Interview prompts you should be ready for

  1. "Walk through a single RL step from start to finish. Where does the time go?" (The six-role loop, rollout dominates 60–75%, trainer forward + ref forward another 15–26%. Backward and sync are small but block.)
  2. "Colocated vs disaggregated vs async — which would you pick for a 70B model on 8 H100s?" (Colocated. Inference-only 70B fits on 4 H100s with TP, but the trainer side needs the full ~1 TB of params + grads + Adam fp32 state + activations — splitting into 4-roller + 4-trainer leaves the trainer with nowhere to put it. With all 8 GPUs shared, you swap modes and reshard at each phase boundary. Disaggregated becomes the right answer around 32+ GPUs where the trainer pool can be sized properly. The lesson: sizing decides architecture before personal preference does.)
  3. "Your rewards go down right after each weight sync. Diagnose." (Almost always: logprob mismatch between rollout engine and trainer. PPO ratio is biased. Fix: recompute logprobs on the trainer for the importance ratio, or guarantee numerical equivalence between the engines.)
  4. "You see clipping fraction = 90% in PPO. What does it mean?" (π/π_old is way outside the clip range. Possibilities: too-stale rollouts in async, too-large learning rate, sampling temperature mismatch between rollout and training, or a logprob bug. Each has a different fix.)

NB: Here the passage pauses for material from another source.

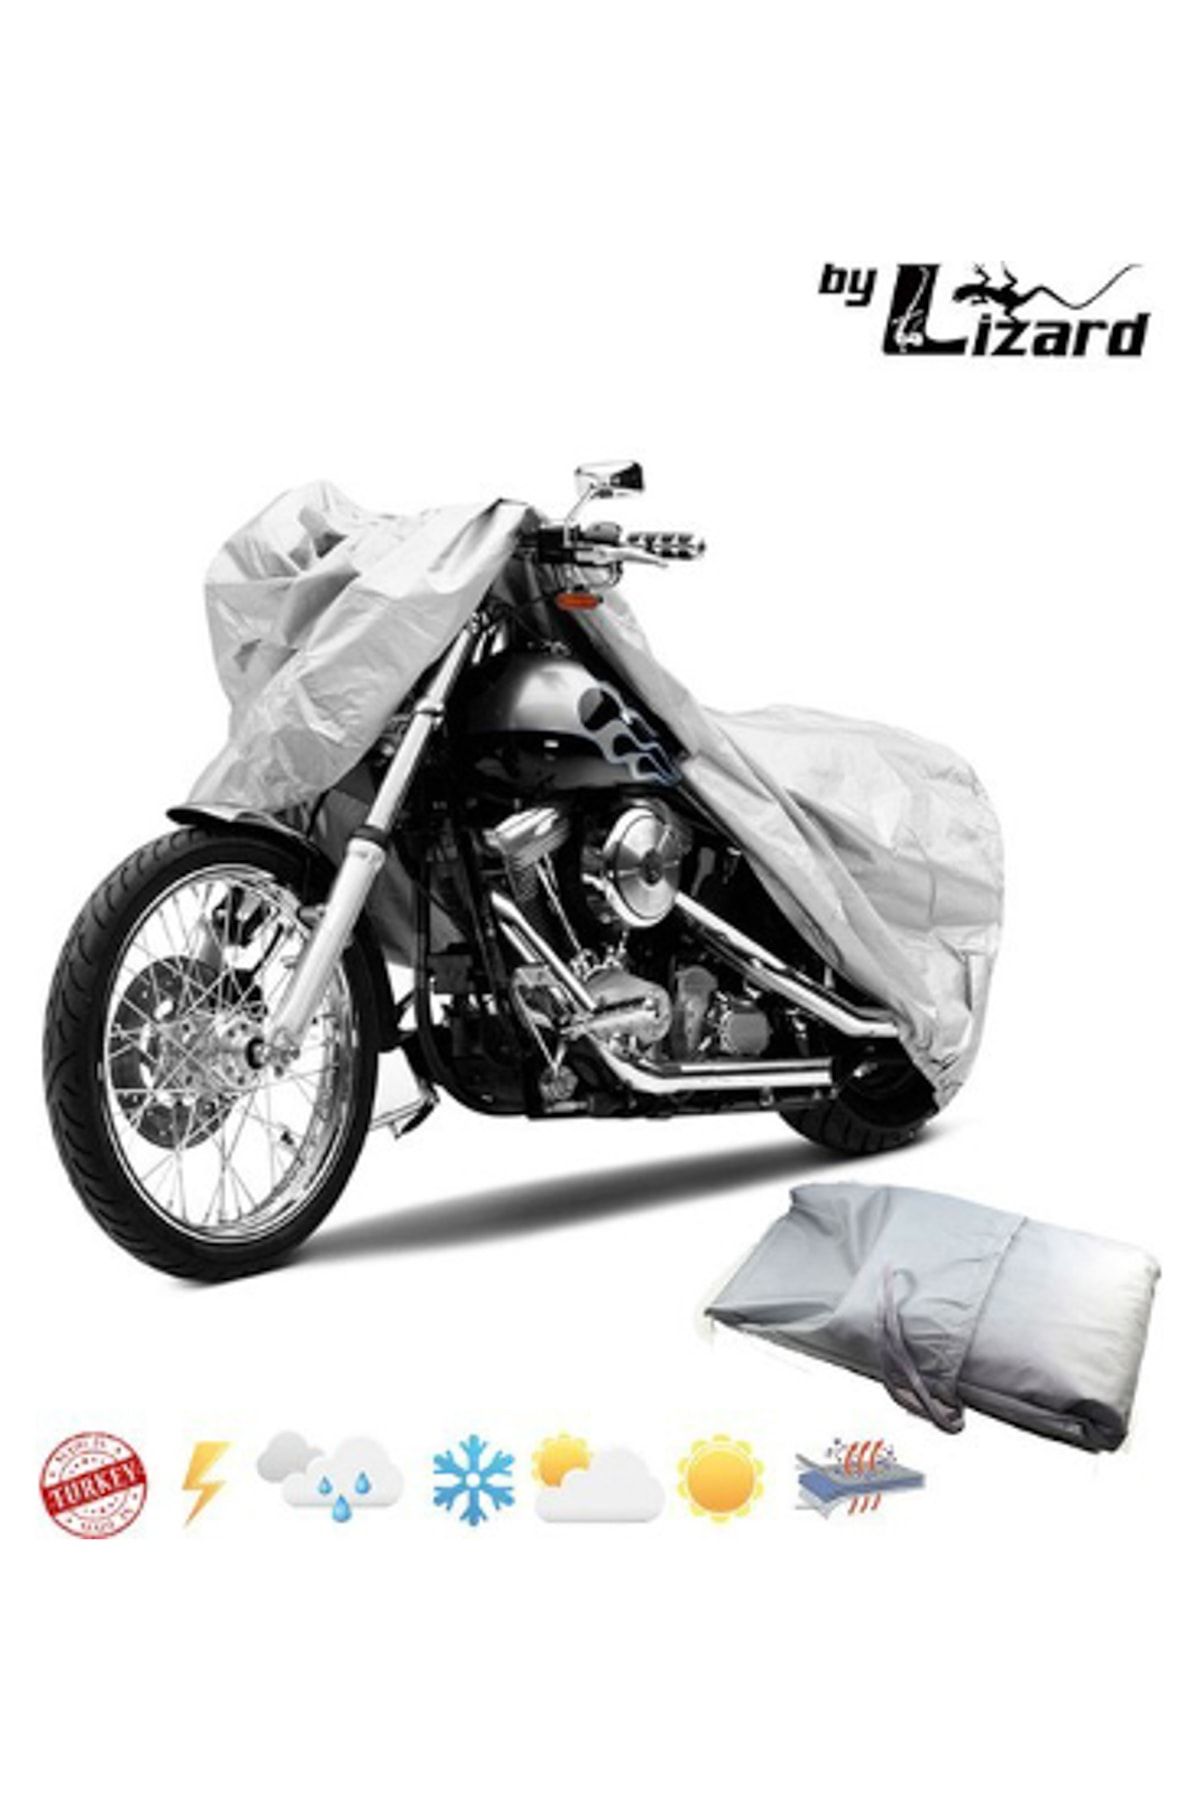 ByLizard Royal Enfield Classic 500 Motosiklet Brandası, Motor Örtüsü, Çadır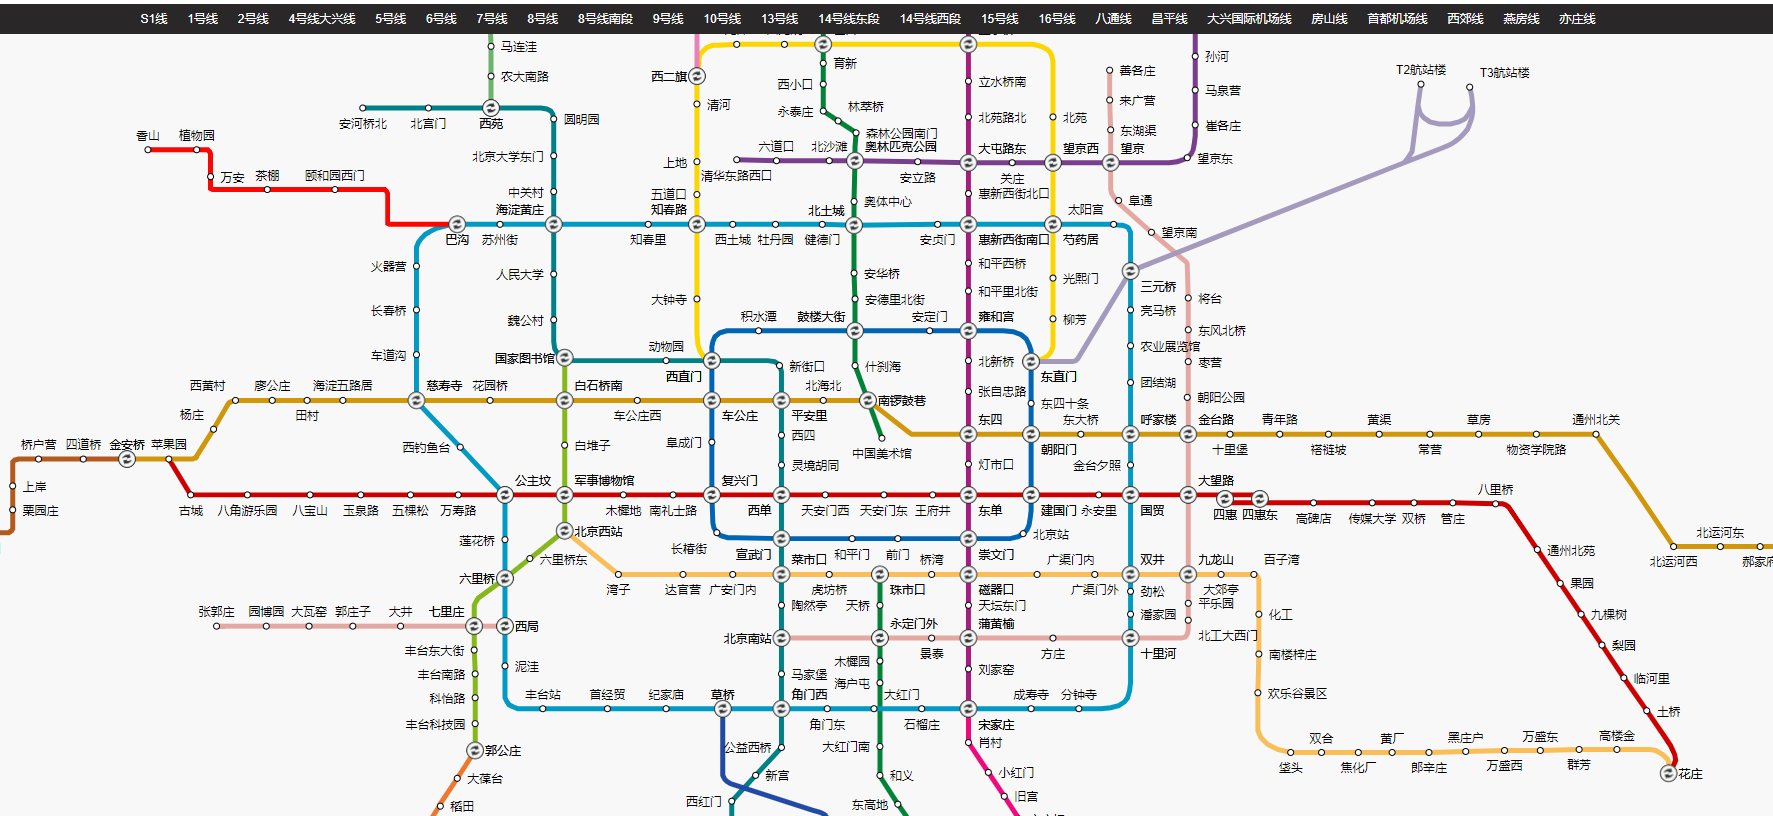 Python如何爬取高德地图地铁线路及站点数据

  5. "How do you handle an environment that takes 500ms per reward call?" (Async pipeline: pipeline reward computation in parallel with the next rollout step. If 500ms × batch_size > rollout time, the verifier is on the critical path → batch the verifier, GPU-accelerate it, or use a learned proxy + occasional ground-truth verification.)
  6. "What's the first thing you'd profile on a fresh RL framework?" (Per-step breakdown of rollout / ref forward / trainer forward / backward / sync. Until you know where the time goes, no kernel decision is justified.)
  7. "What's the first kernel you'd write?" (Whatever your profile told you. Typically: prefix-aware paged attention if K-rollouts share long prompts, or chunked cross-entropy if vocab is large and trainer forward is HBM-bound. The next lesson is precisely this question.)
Takeaway
An RL infra engineer owns five layers: framework, environment, performance, correctness, operations. The two duties in the prompt — agentic infra and rollout/training kernels — are accurate but partial. The role is defined by the four communication paths between rollout, trainer, reference, and reward, each of which is its own engineering surface. The senior signal is being able to derive each architectural choice from constraints (model size, fabric, latency budget), profile the loop in 60 seconds, and name the correctness traps before they ship. Kernels are the last 30% of speed — measurable, individual, and where the next lesson lives.